Give again, character for character, the lines that lie between the first line of the material and the line with "First off let", inclusive. Omit pictures.

[[ DATA EXTRACT open ]]

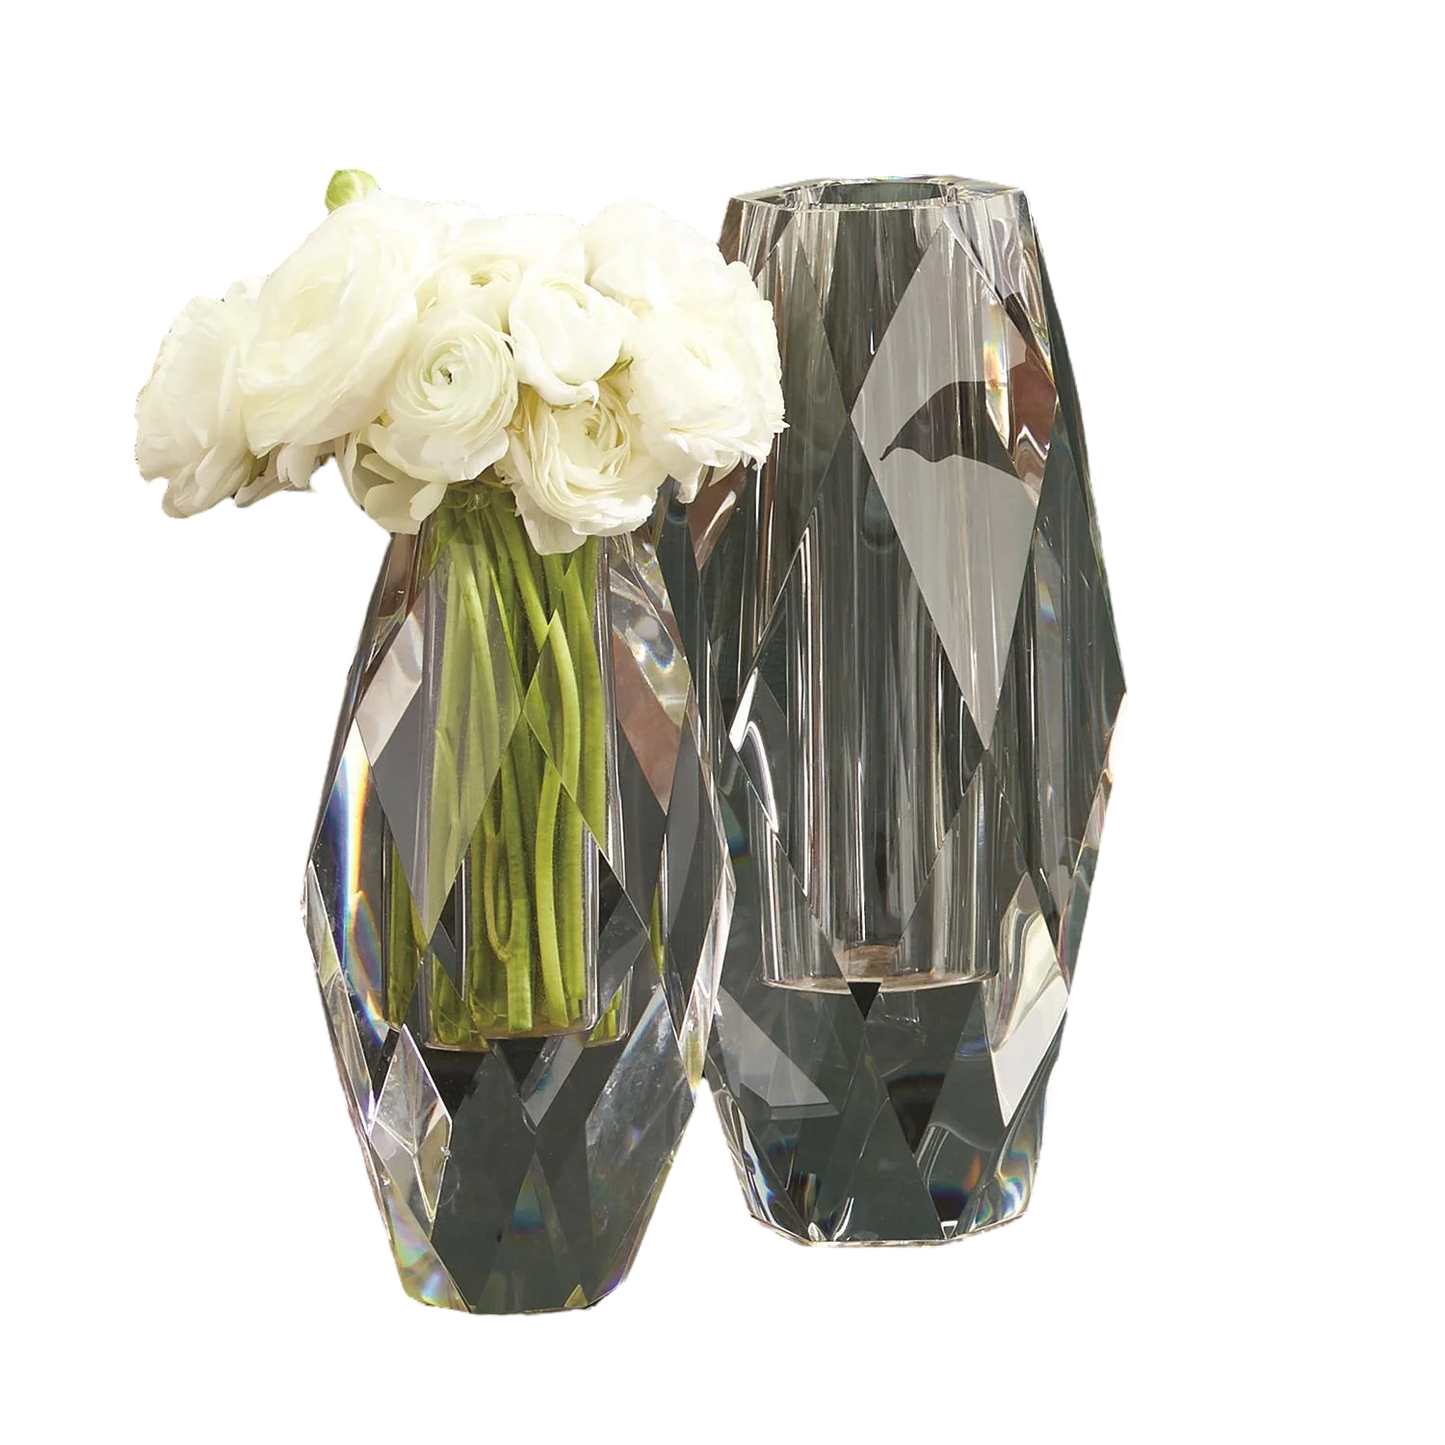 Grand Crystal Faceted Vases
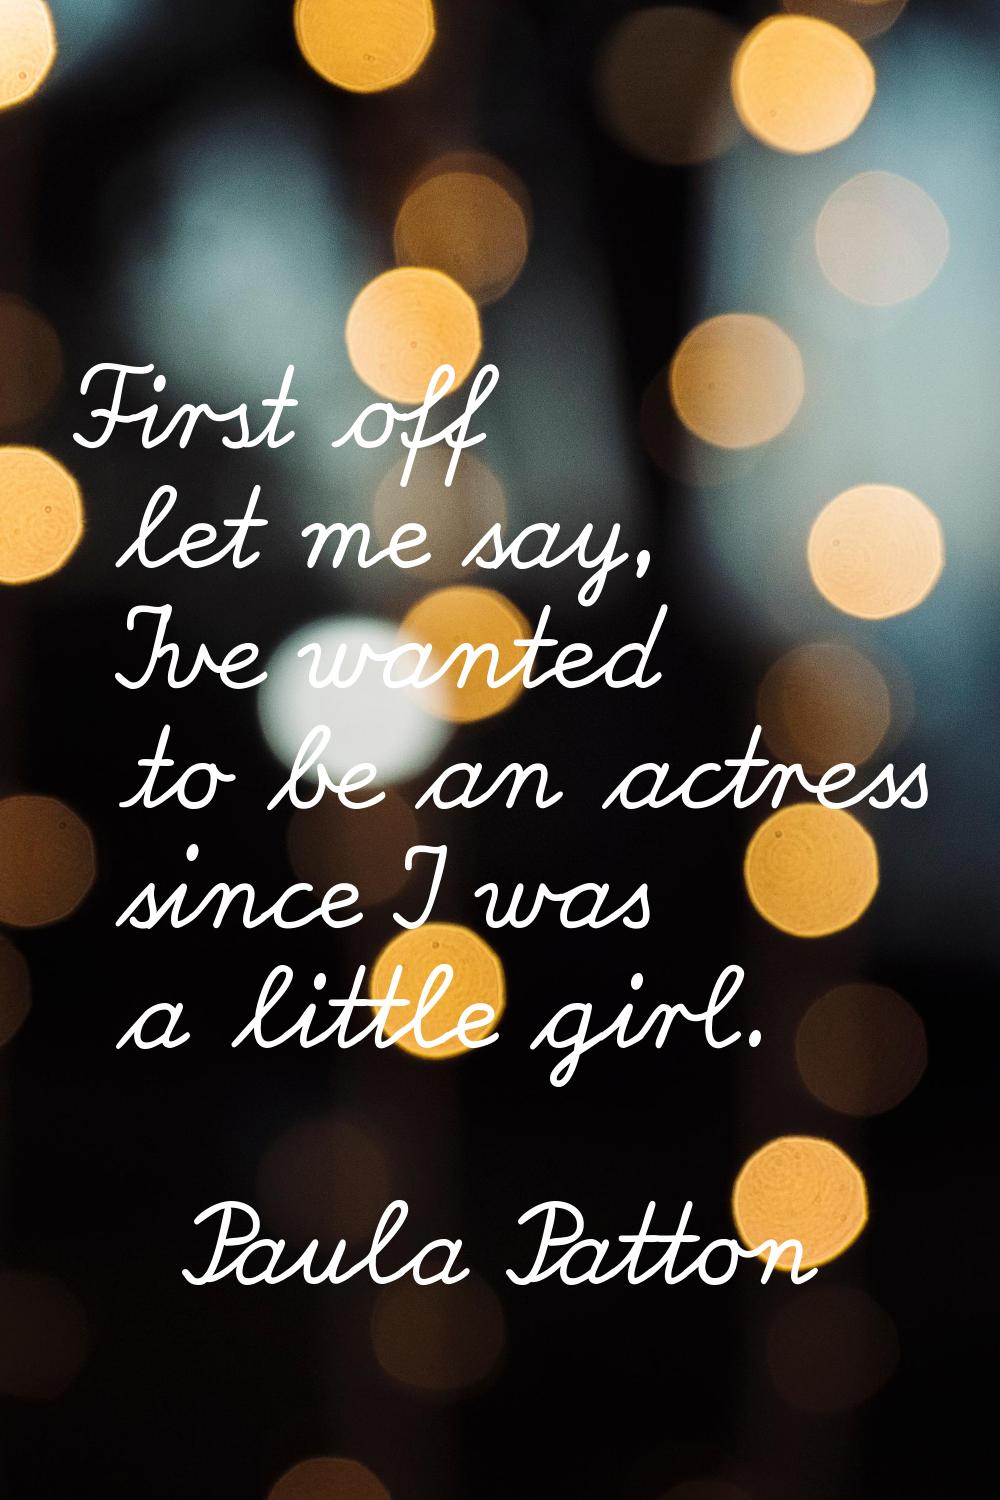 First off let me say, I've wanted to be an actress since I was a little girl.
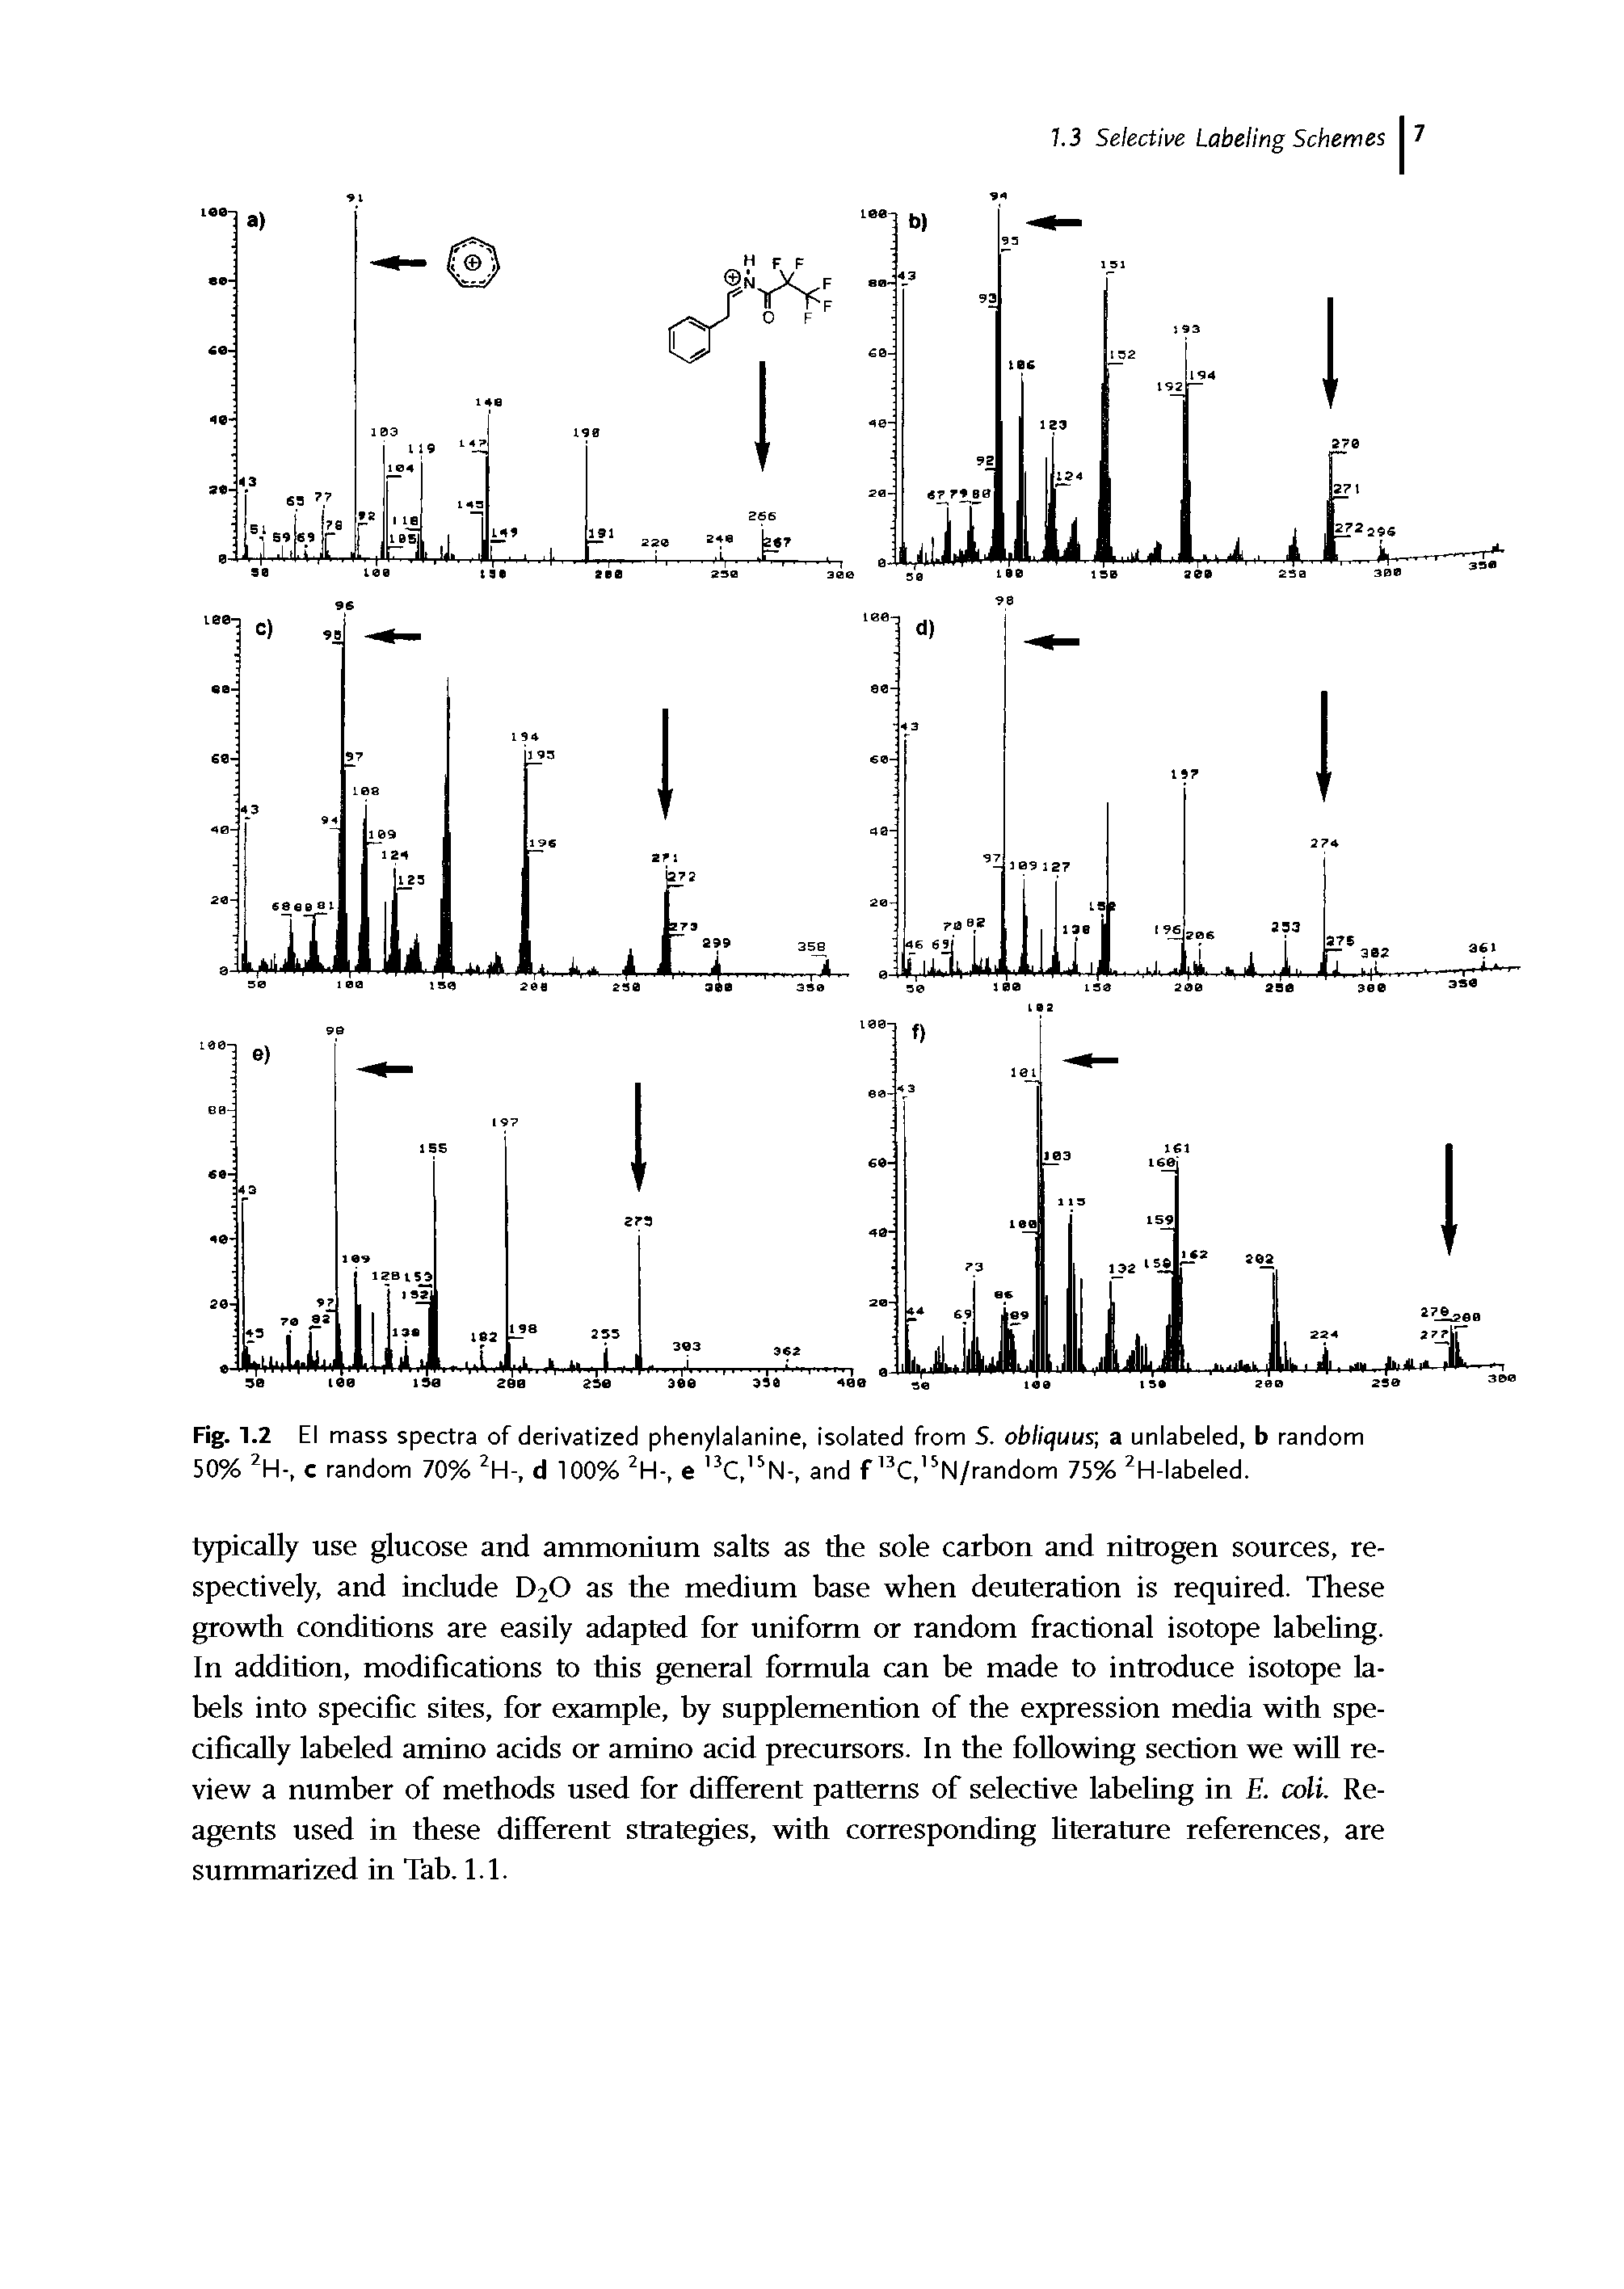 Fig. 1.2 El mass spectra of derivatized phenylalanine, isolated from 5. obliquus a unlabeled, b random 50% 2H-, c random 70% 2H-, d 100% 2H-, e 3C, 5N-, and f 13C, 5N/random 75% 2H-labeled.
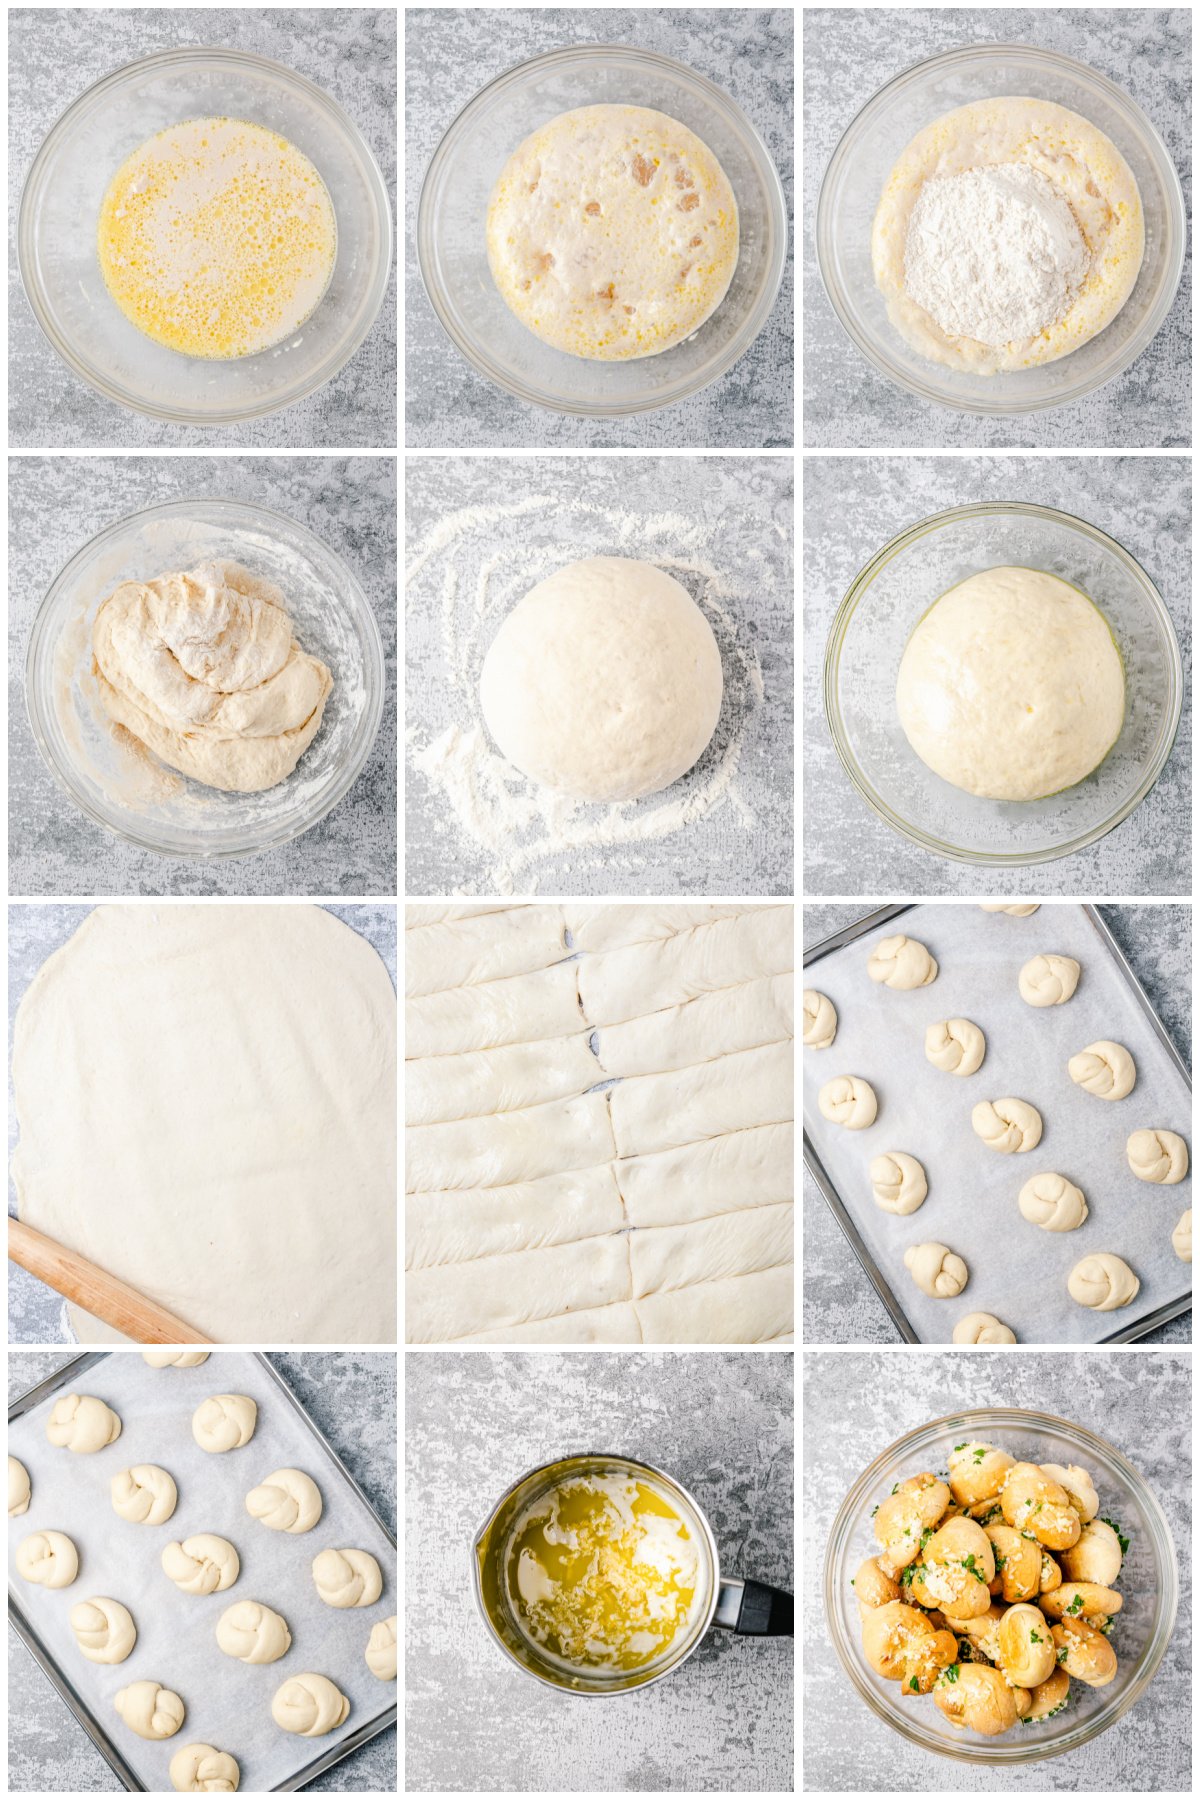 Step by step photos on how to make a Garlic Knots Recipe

[[ DATA EXTRACT closed ]]

- _YOUR SOLUTION_:
 Grand Crystal Faceted Vases
 First off let me say, I've wanted to be an actress since I was a little girl.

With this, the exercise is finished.